Picture of the ULMC cottage with Tryfan in the background:
Turns our we were smack in the middle of Snowdonia National Park. I had no idea--all I was told was "North Wales." The day turned out to be a bit chilly, with some sporadic cloud cover. After breakfast ("porridge") and packing a lunch ("pickle" sandwich with cheese and "tomAHtoes"), Jake told me a guy named Pete could teach me how to "Trad Climb." Turns out there are 2 types of climbing: sport, where protection is bolted into the rock and falls are relatively un-risky, allowing you to climb to your full physical capacity; and "trad" or free climbing, where you climb in pairs and the lead climber sets protection that the second climber removes. Trad climbs in the UK are rated on a scale created by crazy Victorian hill walkers. An "Easy" climb is a hill. Moderate, or "mod" might have some scrambling. Difficult, or "dif," is the easiest form of actual rock climbing. From there, there is Very Difficult (VDif), Severe (S), Very Severe (VS), Hard Severe (HS), Hard Very Severe (HVS), Extremely Severe (on an open scale: E1, E2, E2....).

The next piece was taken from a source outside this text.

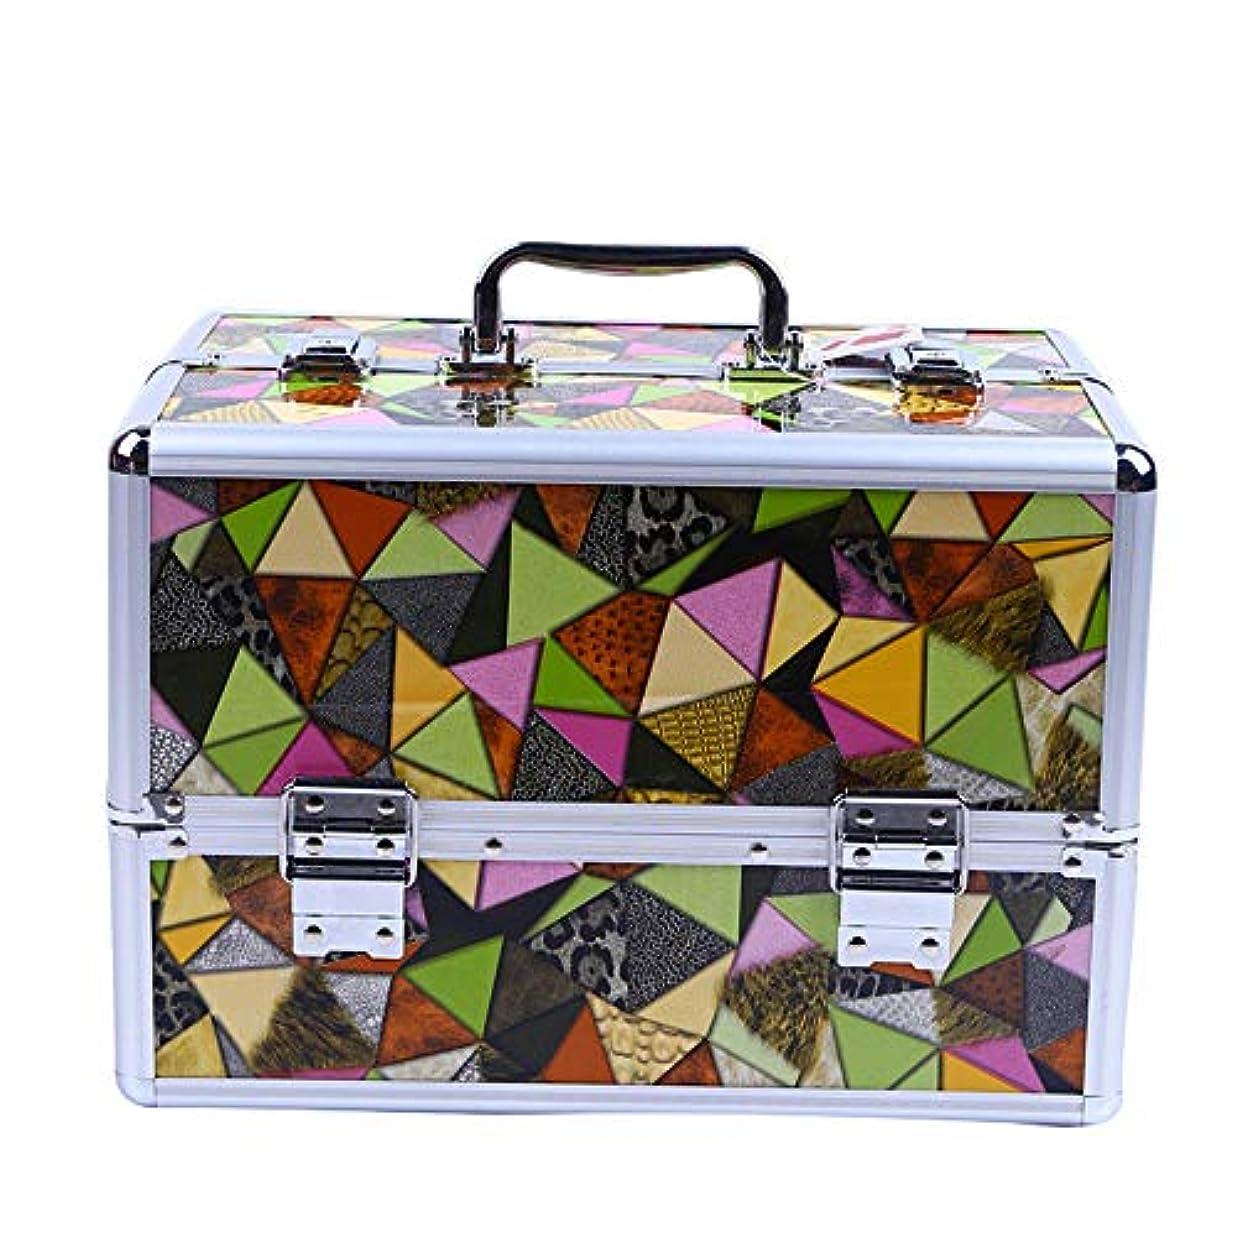 スーツケースサンドイッチ虐殺化粧オーガナイザーバッグ 高容量ポータブルPUレザー化粧品美容メイクアップ化粧ケース幾何学模様と折り畳みトレイ 化粧品ケース

Climb lengths are limited by the length of a rope, so climbing a large cliff requires multiple "pitches."
My first climb was a multi-pitch route called "Rowan Route" on the West face of Tryfan, on a crag called Milestone Buttress. I would be climbing "second" as Pete lead the route. A German girl named Mo came up third. Rowan Route had 4 short pitches. The first was a straightforward "slab" (so much lingo! a slab leans in a bit), the second a messy scramble over wet rocks and bushes, the third a really fun and easy "chimney," and the fourth a shallow slab. We topped out, took a picture, and walked down the ridge to our stuff at the bottom for lunch.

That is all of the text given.